For Extended Data Fig. 7h,i and Supplementary Videos 4 and 5, a higher resolution was required to delineate whether mitotic error precedes nuclear deformation. A mixture of widefield deconvolution microscopy (n = 28 cells (siCTRL) and n = 27 cells (siFAT1)) and confocal microscopy (n = 50 cells (siCTRL) and n = 27 cells (siFAT1)) techniques were utilized to obtain sufficient images for statistical analysis.
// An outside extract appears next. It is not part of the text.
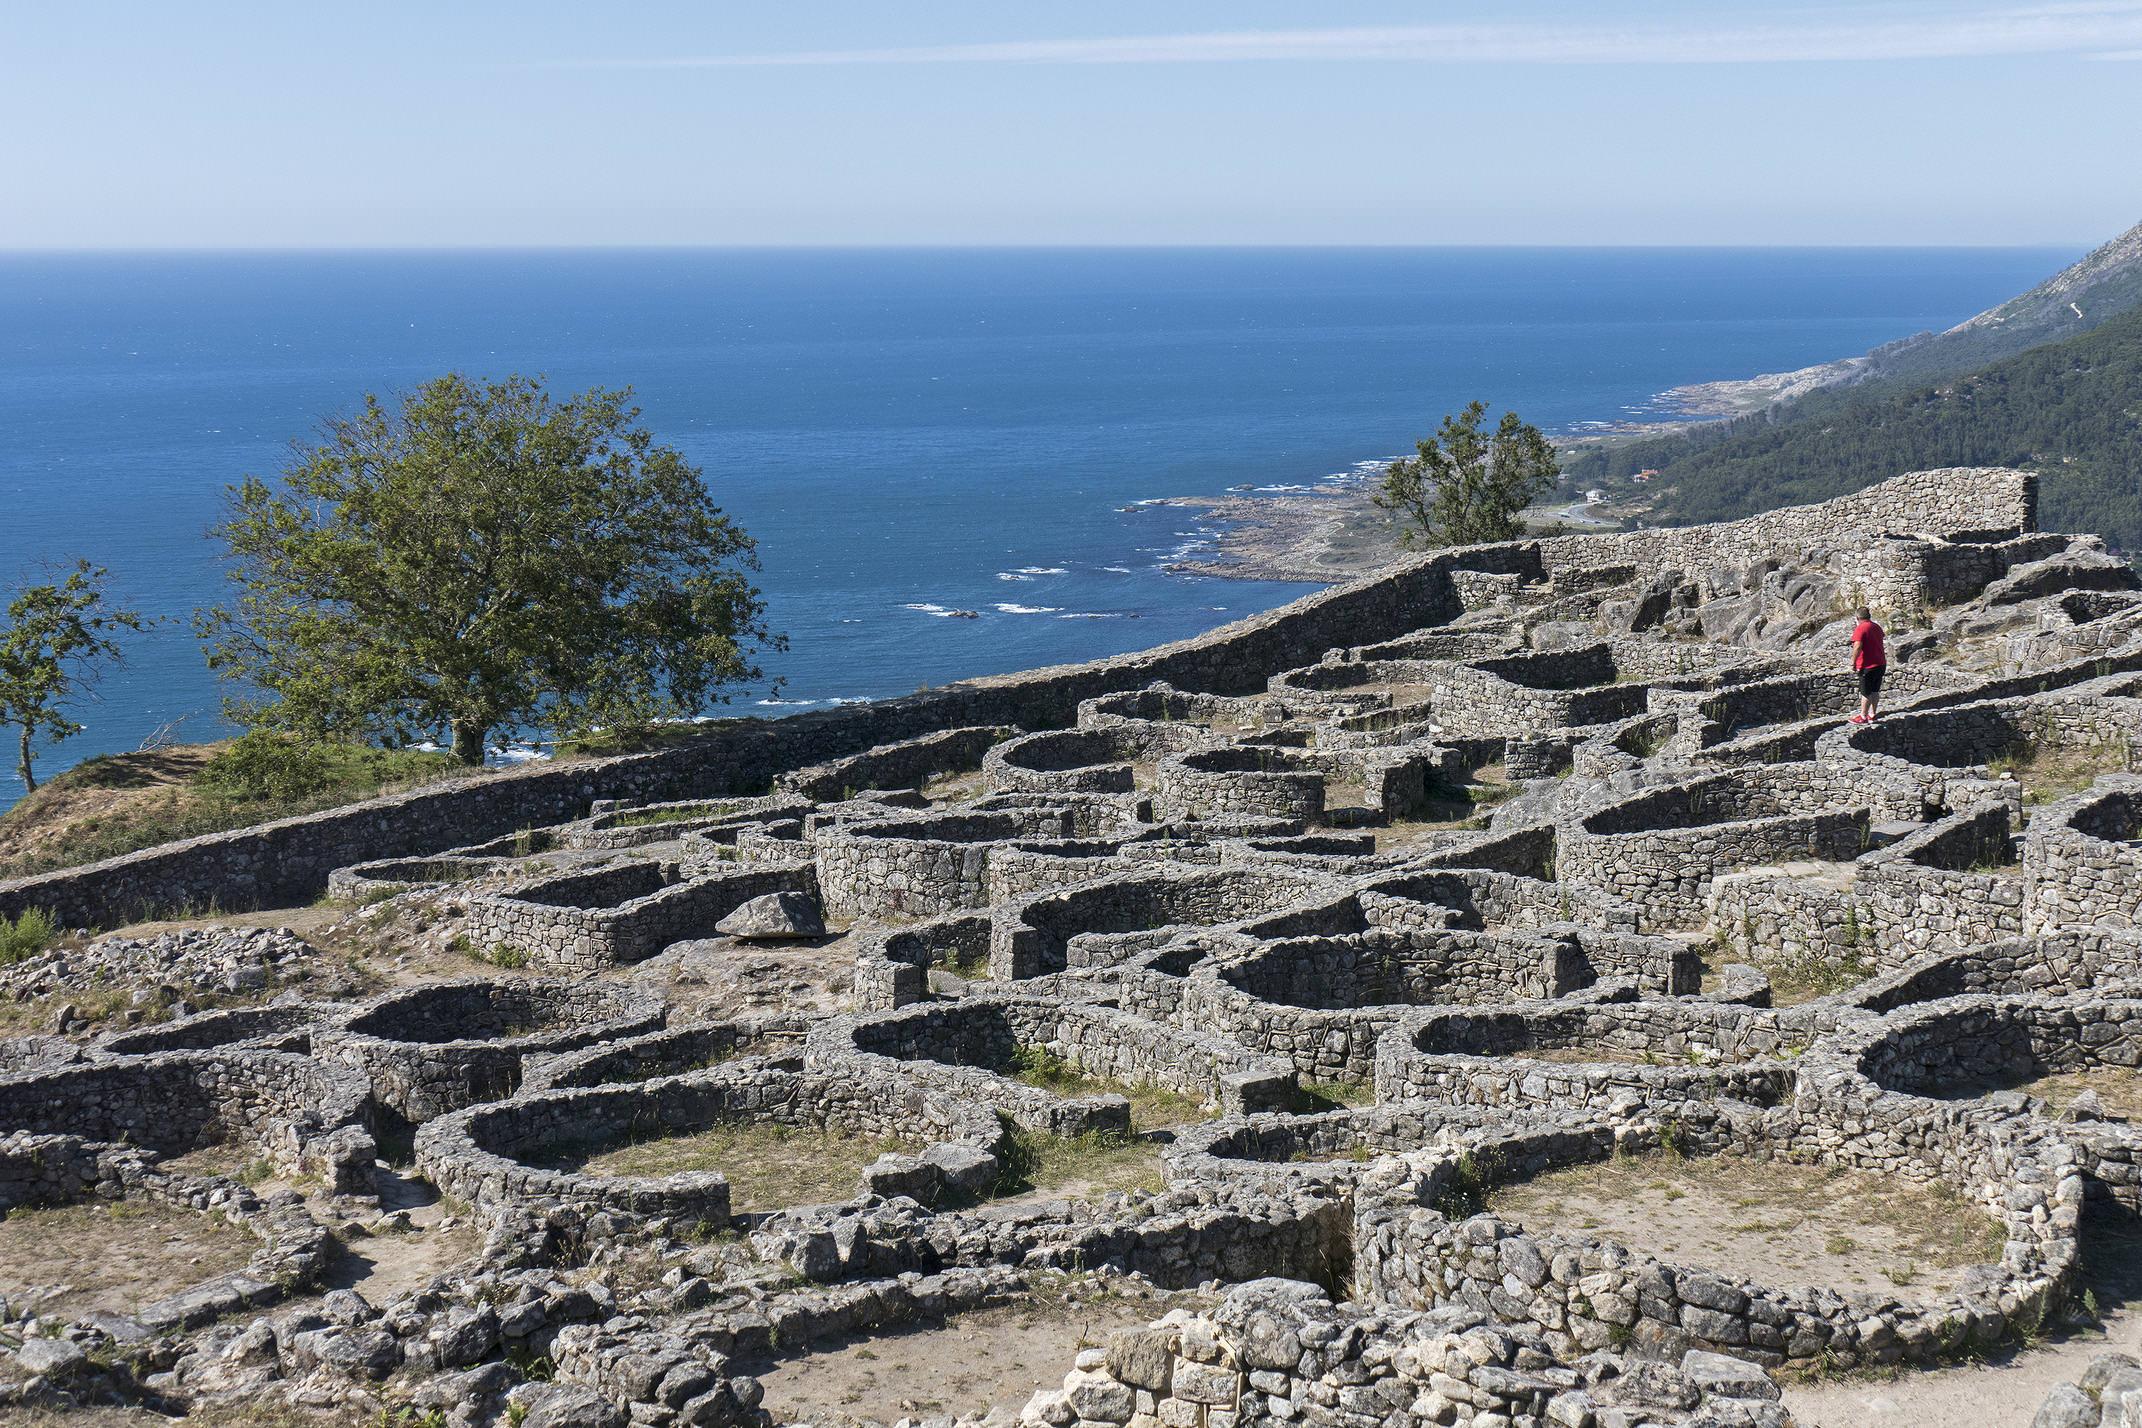 Spain galicia aguarda minho santa tecla iron age c diego pura
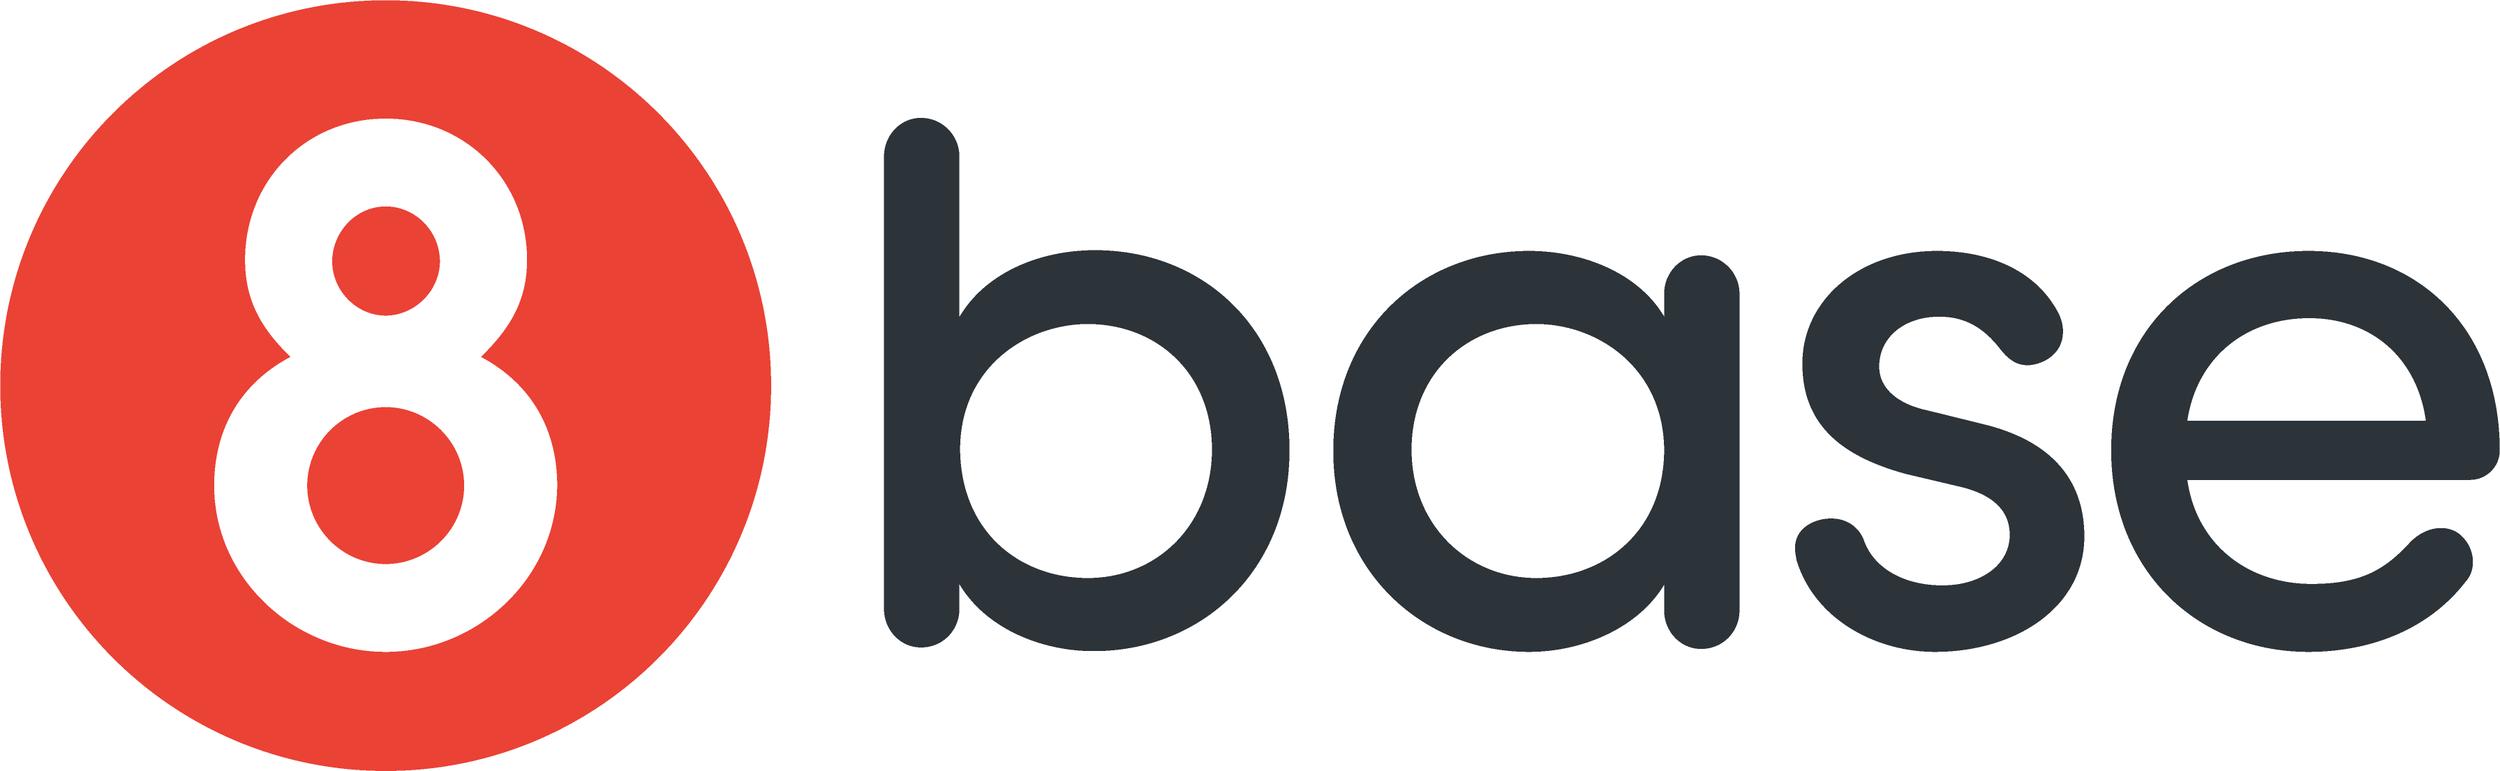 8base_SUA_logo.png

Statistics and reproducibility

No statistical methods were used to predetermine the sample size. The statistical test types and biological n numbers used are detailed in the relevant figure captions. For immunofluorescence data, the numbers of cells sampled per biological repeat are documented accordingly. All of the data points shown are independent samples. For the experiments using statistical tests that assume normal distributions, we assumed that the data distribution was normal, but this was not formally tested.

Reporting summary

Further information on research design is available in the Nature Portfolio Reporting Summary linked to this article.